The multiple sets of hypertension guidelines and recommendations create confusion about the most appropriate blood pressure targets for patients with hypertension.  The results from the meta-analysis by Bundy et al.5 support the interpretation of the SPRINT investigators that a lower target is associated with reduced CVD and mortality risk.  Results from the subgroup analysis from SPRINT of elderly participants with a mean age of nearly 80 years suggest that a lower SBP target may produce benefits without unacceptable adverse effects even at advanced ages.  These findings suggest that reassessment of the body of evidence for the currently recommended SBP targets may be warranted.



  1. Chobanian AV, Bakris GL, Black HR, et al. Joint National Committee on Prevention, Detection, Evaluation, and Treatment of High Blood Pressure. National Heart, Lung, and Blood Institute; National High Blood Pressure Education Program Coordinating Committee. Seventh Report of the Joint National Committee on Prevention, Detection, Evaluation, and Treatment of High Blood Pressure. Hypertension. 2003;42:1206-1252.


  1. James PA, Oparil S, Carter BL, et al. 2014 Evidence-based guideline for the management of high blood pressure in adults: report from the panel members appointed to the Eighth Joint National Committee (JNC 8). JAMA. 2014;311:507-520.
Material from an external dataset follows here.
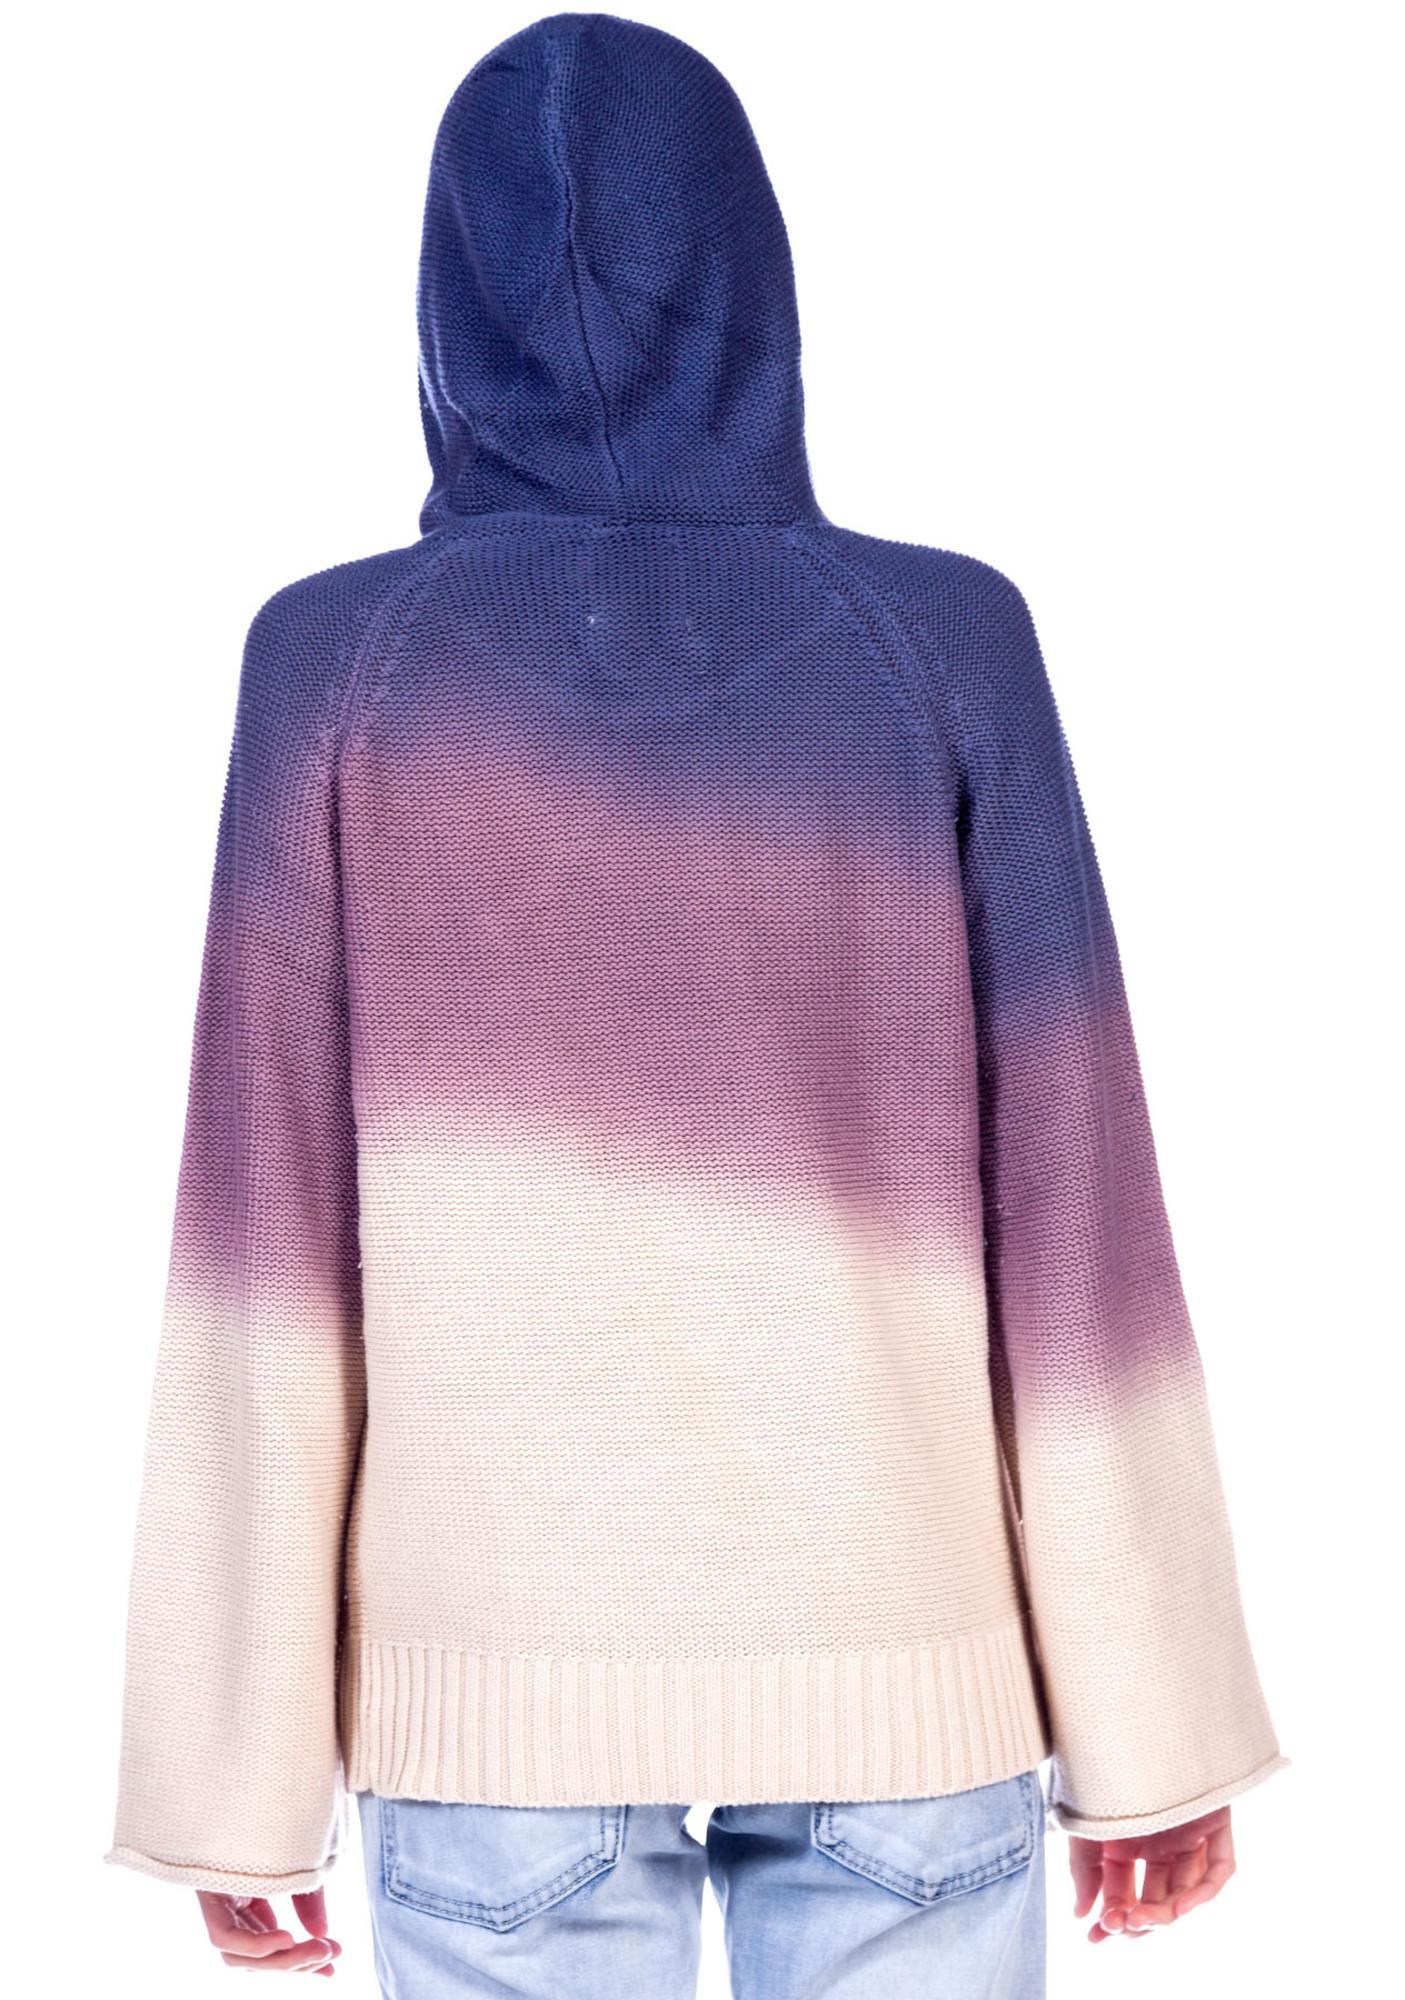 Chaser Dip Dye Pullover Hoodie

  1. Wright JT, Jr., Williamson JD, Whelton PK, et al.; SPRINT Research Group. A randomized trial of intensive versus standardized blood-pressure control. N Engl J Med. 2015;373:2103-2116.


  1. Qaseem A, Wilt Tj, Rich R, et al.; Clinical Guidelines Committee of the American College of Physicians and the Commission on Health of the Public and Science of the American Academy of Family Physicians. Pharmacologic treatment of hypertension in adults aged 60 years or older to higher versus lower blood pressure targets: A clinical practice guidelines from the American College of Physicians and the American Academy of Family Physicians. Ann Intern Med. 2017;166:430-437.


  1. Bundy JD, Li C, Stuchlik P, Bu X, et al. Systolic blood pressure reduction and risk of cardiovascular disease and mortality: a systematic review and network meta-analysis. JAMA Cardiol. 2017; May 31, 2017 [Epub ahead of print].


  1. Williamson JD; Supiano MA, Applegate WB et al. Intensive vs Standard Blood Pressure Control and Cardiovascular Disease Outcomes in Adults Aged ≥75 Years. A Randomized Clinical Trial. JAMA. 2016;315:2673-2682.